Seo Pil-Soo, Jeong Jong-Jin, Zeng Lixiao, Takoudis Christos G, Quinn Brendan J, Khan Anwar A, Hanada Toshihiko, Chishti Athar H

机构信息

Department of Pharmacology, UIC Cancer Center, University of Illinois College of Medicine, Chicago, IL 60612, USA.

出版信息

Biochim Biophys Acta. 2009 Feb;1793(2):281-9. doi: 10.1016/j.bbamcr.2008.09.012. Epub 2008 Oct 8.
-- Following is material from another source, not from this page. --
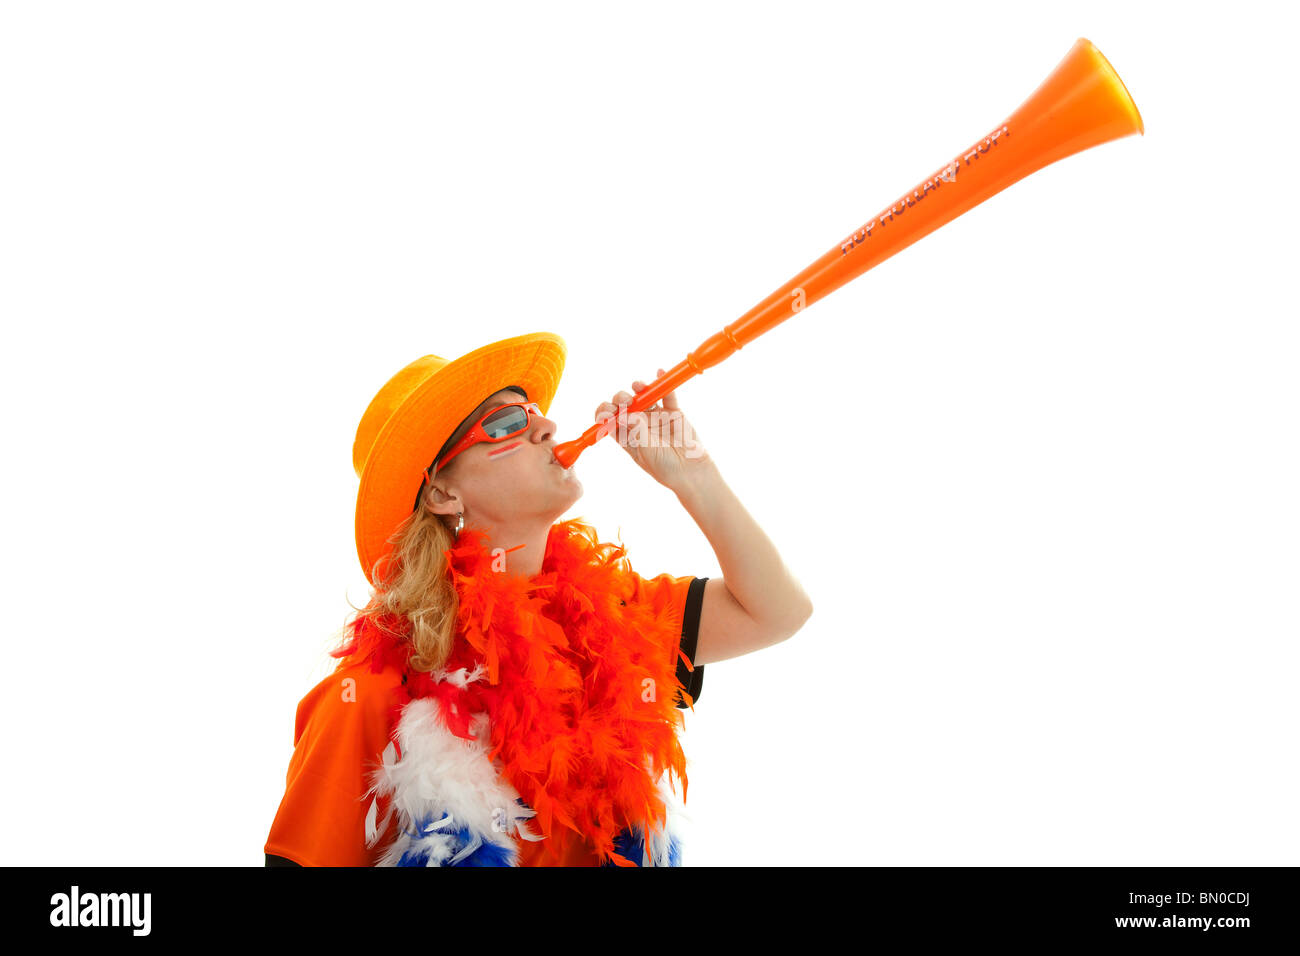 Weibliche niederländische Fußball-Anhänger mit orange Kunststoff Vuvuzela auf weißem Hintergrund Stockfoto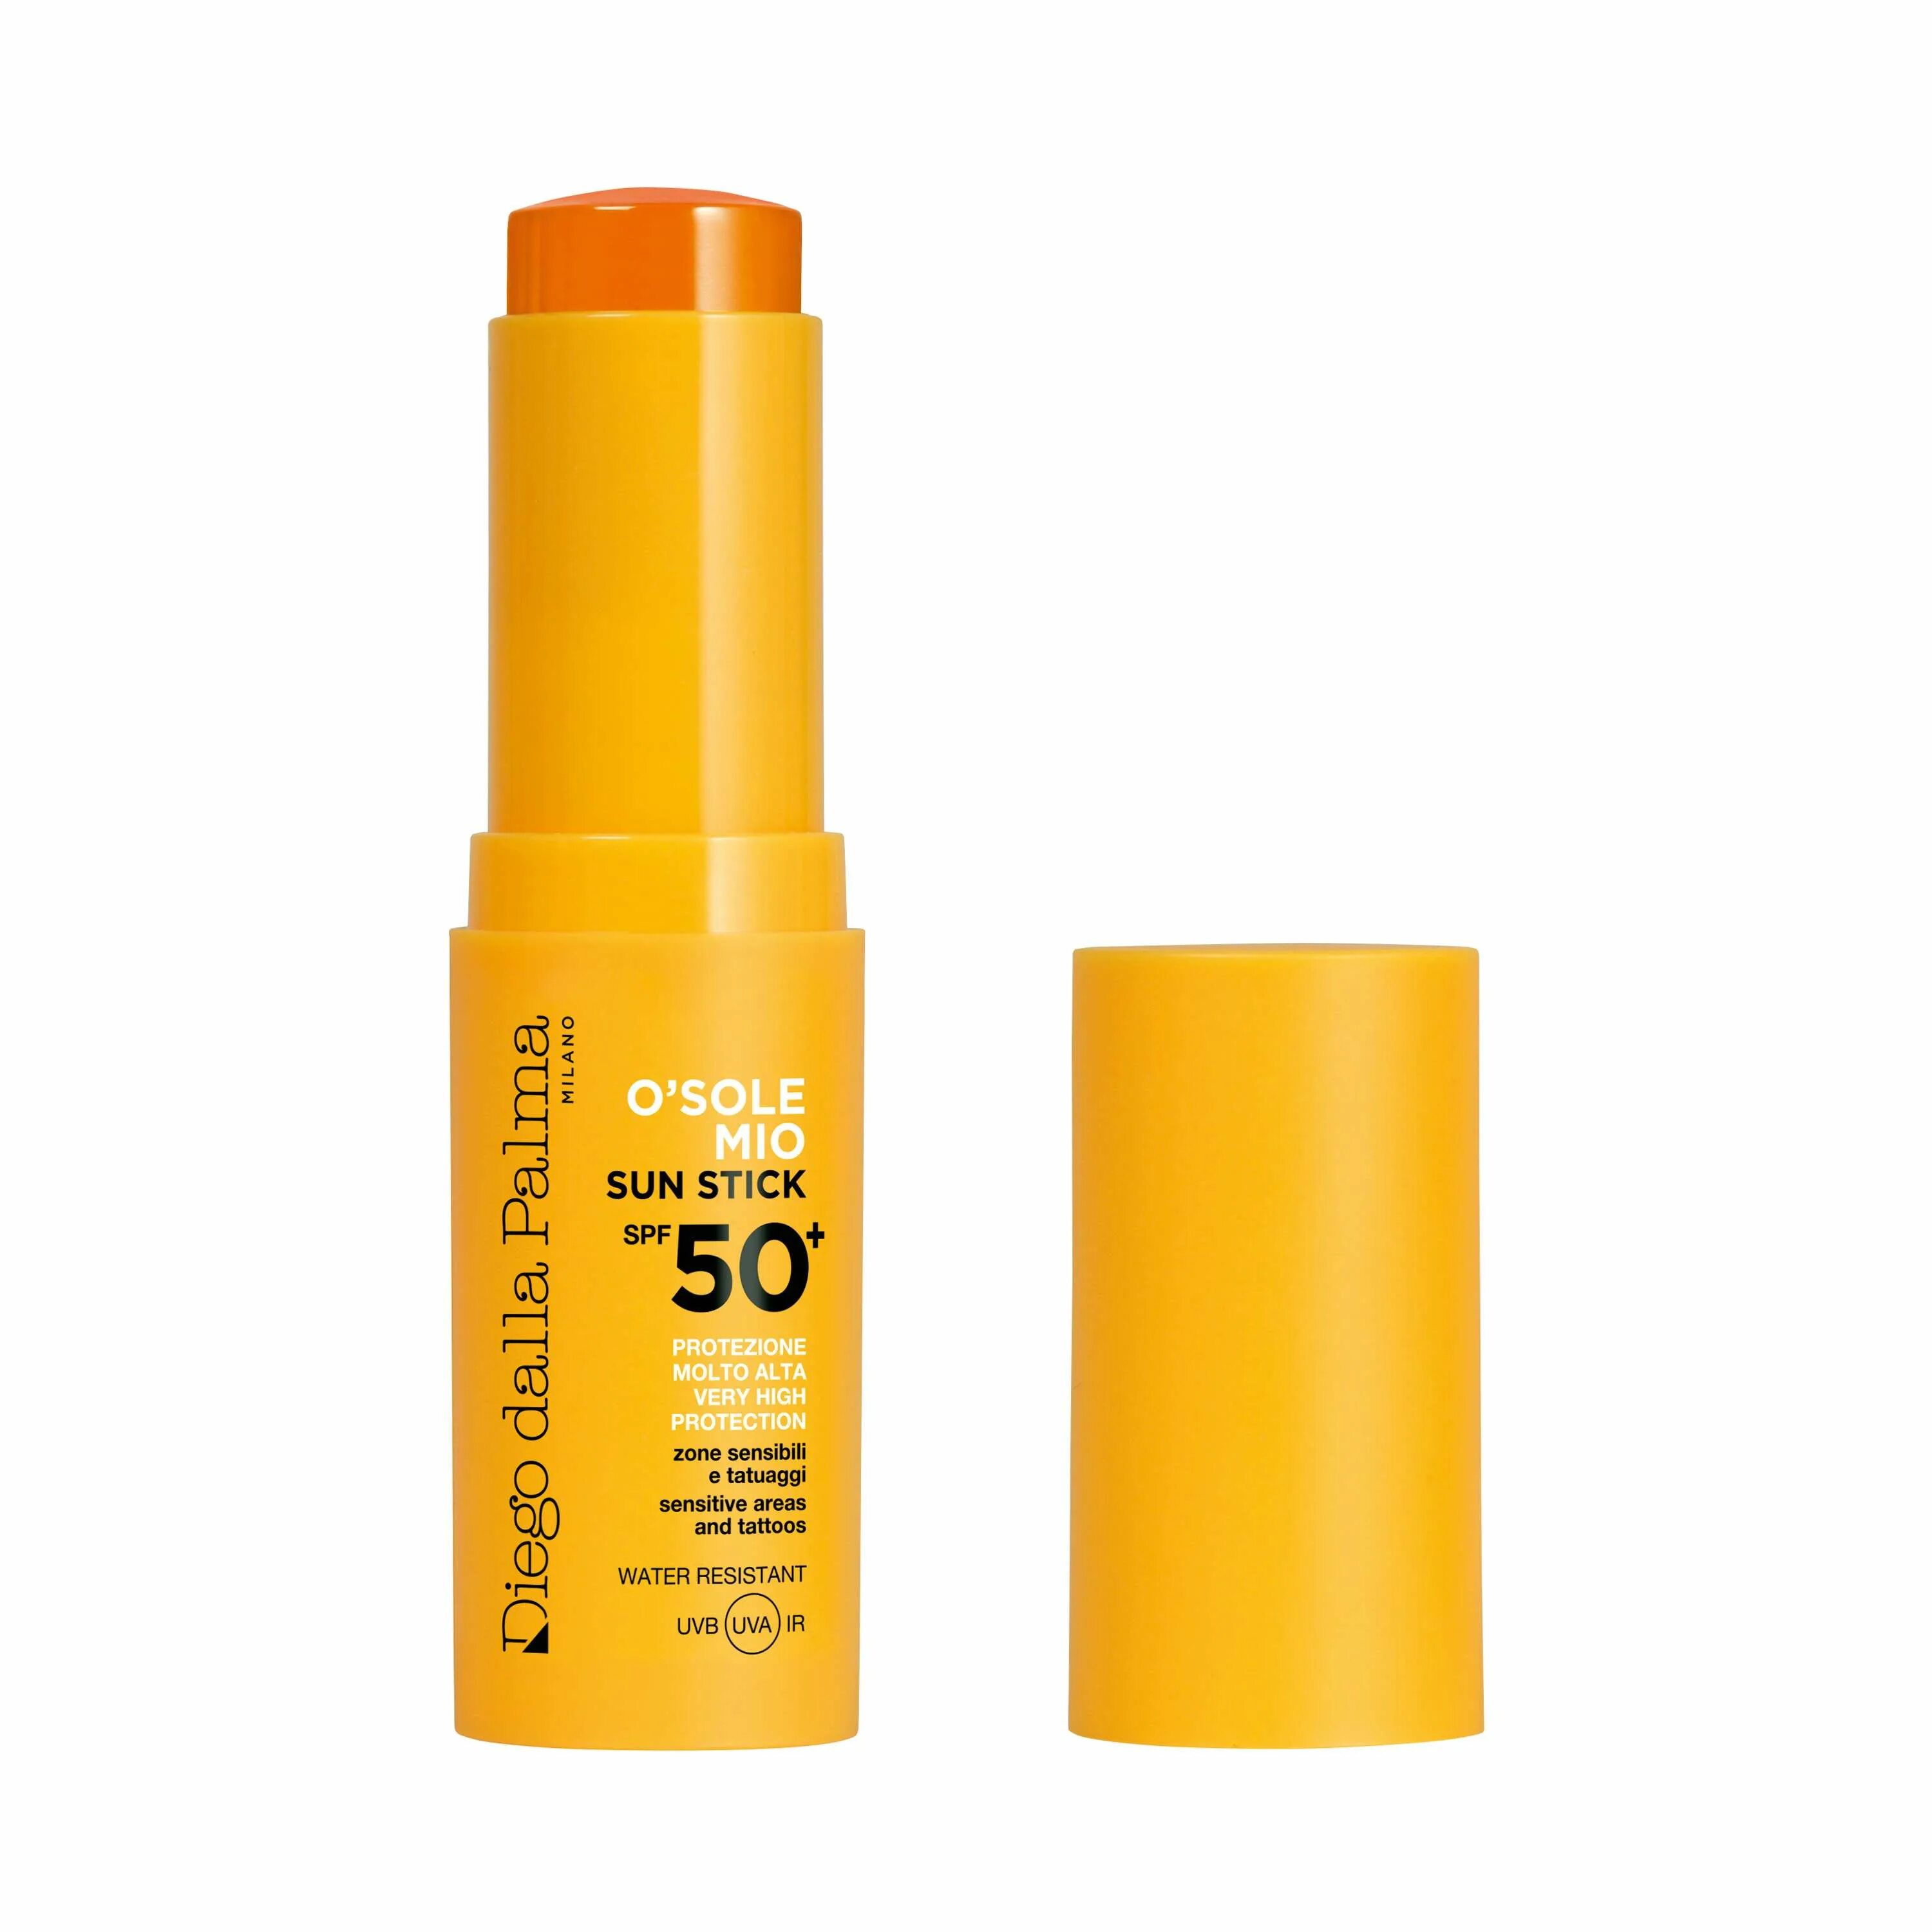 Солнцезащитный стик для лица spf. Стик СПФ 50. Стик солнцезащитный SPF 50+. Стик SPF 50 French. Стик SPF 50+ от Shiseido.

DOI:10.1016/j.bbamcr.2008.09.012
PMID:18952129
原文链接:https://pmc.ncbi.nlm.nih.gov/articles/PMC2722380/
Abstract

Direct physical linkage of MAGUKs to the actin cytoskeleton was first established by the interaction of erythrocyte p55 with the FERM domain of protein 4.1R. Subsequently, it was reported that p55 binds to a 51-amino acid peptide, encoded by exon 10, located within the FERM domain of protein 4.1R. In this study, we investigated the nature of the p55-FERM domain binding interface and show that p55 binds to a second 35-amino acid peptide, encoded by an alternatively spliced exon 5, located within the FERM domain of protein 4.1R. Competition and Surface Plasmon Resonance-binding measurements suggest that the peptides encoded by exons 5 and 10 bind to independent sites within the D5 domain of p55. Interestingly, the full length 135 kDa isoform of protein 4.1R containing both exons 5 and 10 was targeted exclusively to the plasma membrane of epithelial cells whereas the same isoform without exon 5 completely lost its membrane localization capacity. Together, these results indicate that p55 binds to two distinct sites within the FERM domain, and the alternatively spliced exon 5 is necessary for the membrane targeting of protein 4.1R in epithelial cells. Since sequences similar to the exon 5-peptide of protein 4.1R and D5 domain of p55 are conserved in many proteins, our findings suggest that a similar mechanism may govern the membrane targeting of other FERM domain containing proteins.

摘要

MAGUKs与肌动蛋白细胞骨架的直接物理联系最初是通过红细胞p55与蛋白4.1R的FERM结构域的相互作用建立的。随后,有报道称p55与由位于蛋白4.1R的FERM结构域内的外显子10编码的一个51个氨基酸的肽段结合。在本研究中,我们研究了p55-FERM结构域结合界面的性质,并表明p55与由位于蛋白4.1R的FERM结构域内的一个选择性剪接的外显子5编码的第二个35个氨基酸的肽段结合。竞争和表面等离子体共振结合测量表明,外显子5和10编码的肽段与p55的D5结构域内的独立位点结合。有趣的是,包含外显子5和10的全长135 kDa的蛋白4.1R异构体专门定位于上皮细胞的质膜,而没有外显子5的相同异构体则完全丧失了其膜定位能力。总之,这些结果表明p55与FERM结构域内的两个不同位点结合,并且选择性剪接的外显子5对于上皮细胞中蛋白4.1R的膜靶向是必需的。由于与蛋白4.1R的外显子5肽段和p55的D5结构域相似的序列在许多蛋白中是保守的,我们的发现表明类似的机制可能控制其他含FERM结构域蛋白的膜靶向。